Palestinos se deslocam de Khan Yunis, Gaza, em meio aos escombros deixados pelo exército de Israel.

Israel quer guerra infinita e sem propósito, e os EUA seguem apoiando

A guerra de Israel em Gaza não é "política por outros meios", mas apenas um conflito sem fim.

Palestinos se deslocam de Khan Yunis, Gaza, em meio aos escombros deixados pelo exército de Israel.

O lendário teórico militar prussiano Carl von Clausewitz, cuja obra ainda influencia os oficiais militares dos EUA até hoje, escreveu em seu famoso tratado “Da guerra”, do século XIX, que “a guerra é a continuação da política por outros meios”. Clausewitz, mesmo na qualidade de general militar dando conselhos sobre a melhor forma de conduzir um conflito armado, lembrava aos leitores que o propósito da guerra é atingir objetivos políticos, não perseguir a violência como um fim em si mesma, ou como substituta para a diplomacia.

As palavras do general teriam sido bem recebidas pelos EUA e por Israel antes do início da atual guerra na Faixa de Gaza, que atingiu agora um previsível e doloroso impasse.
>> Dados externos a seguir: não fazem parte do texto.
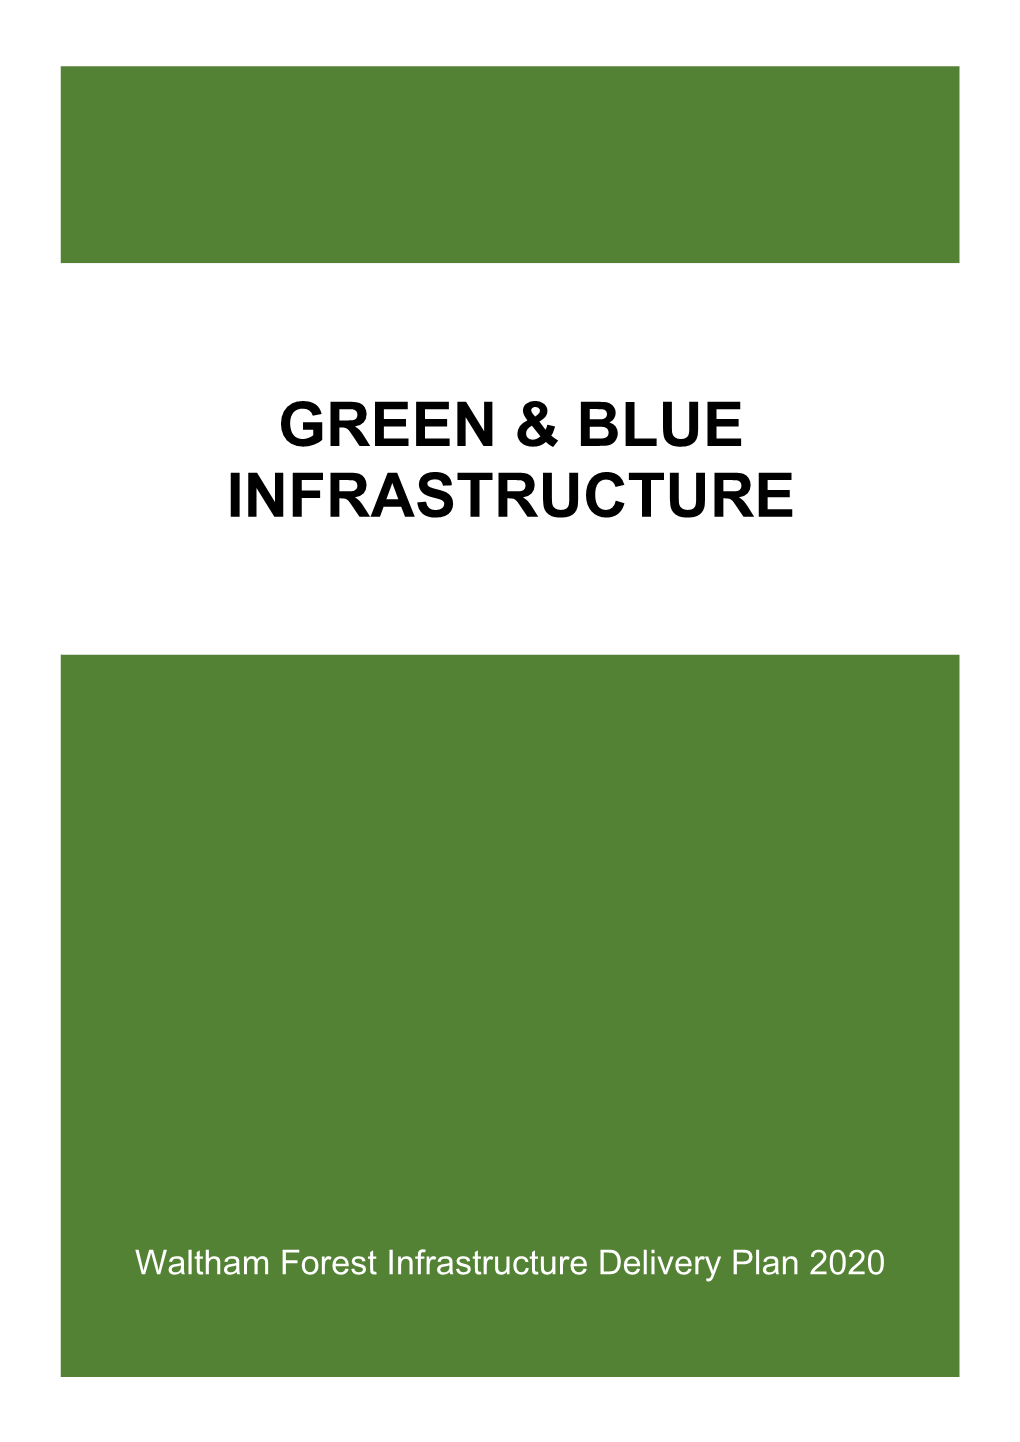 Green & Blue Infrastructure
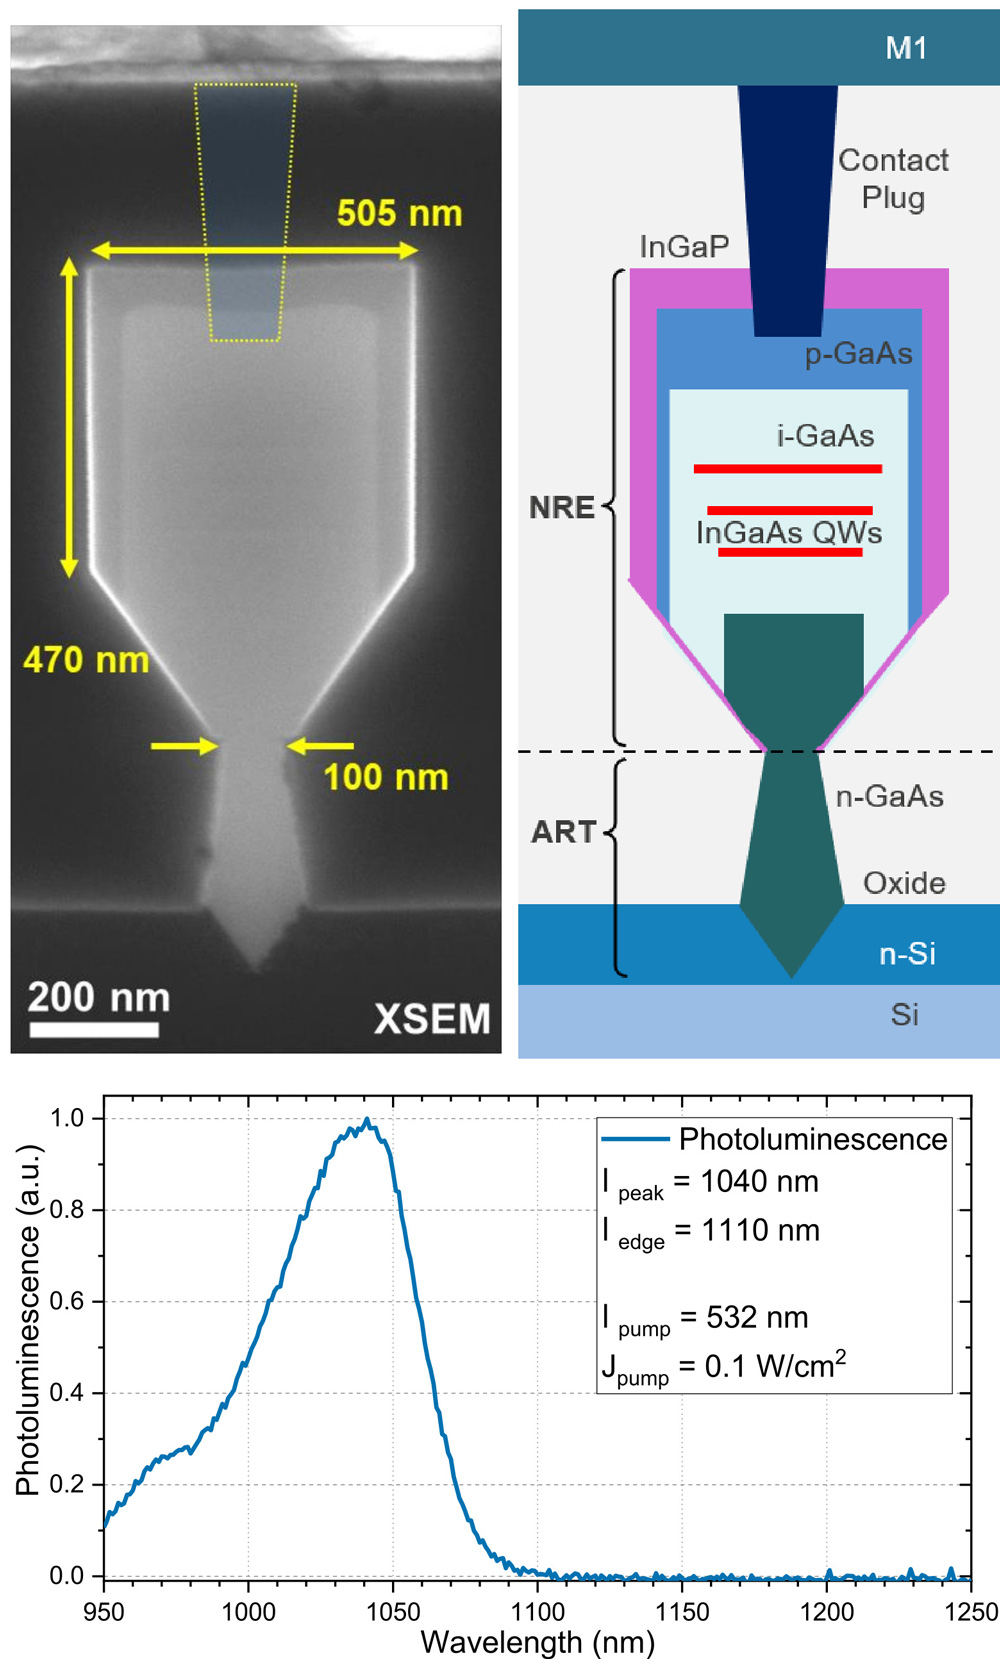 Figure 1: (top left) Cross-section scanning electron microcopy (XSEM) image of GaAs nanoridge with three InGaAs QWs. (top right) Schematic of nano-ridge cross-section. (bottom) Photoluminescence spectrum.
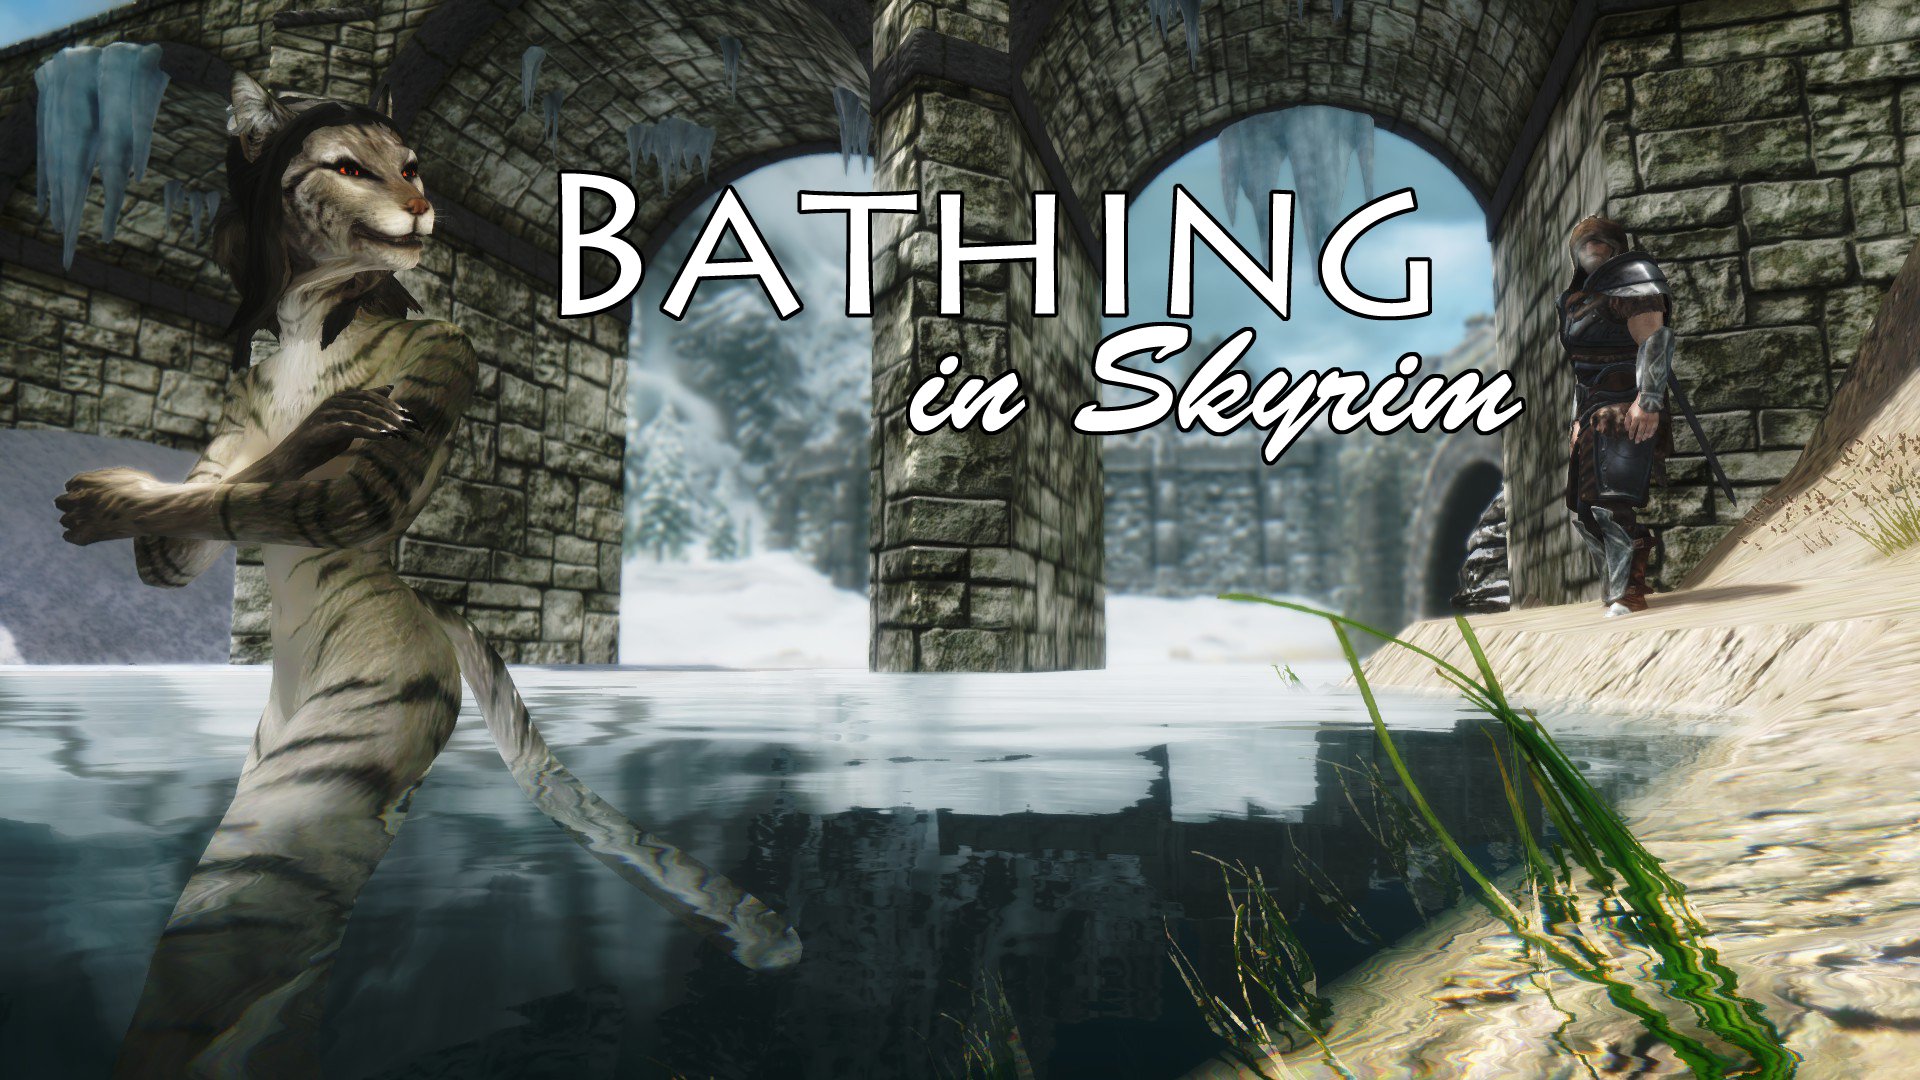 More information about "Bathing in Skyrim Tweaked"

Até esse ponto, dezenas de milhares de palestinos já foram mortos ou feridos, Israel enfrenta acusações de genocídio na Corte Internacional de Justiça, e o Hamas já está voltando a controlar partes de Gaza que Israel havia declarado conquistadas.

Os oficiais militares israelenses agora estão vindo a público com críticas de que a guerra em Gaza teria sido equivocada por uma simples razão que o próprio Clausewitz teria reconhecido: para além da vingança, essa guerra nunca teve estratégia ou objetivo político claros.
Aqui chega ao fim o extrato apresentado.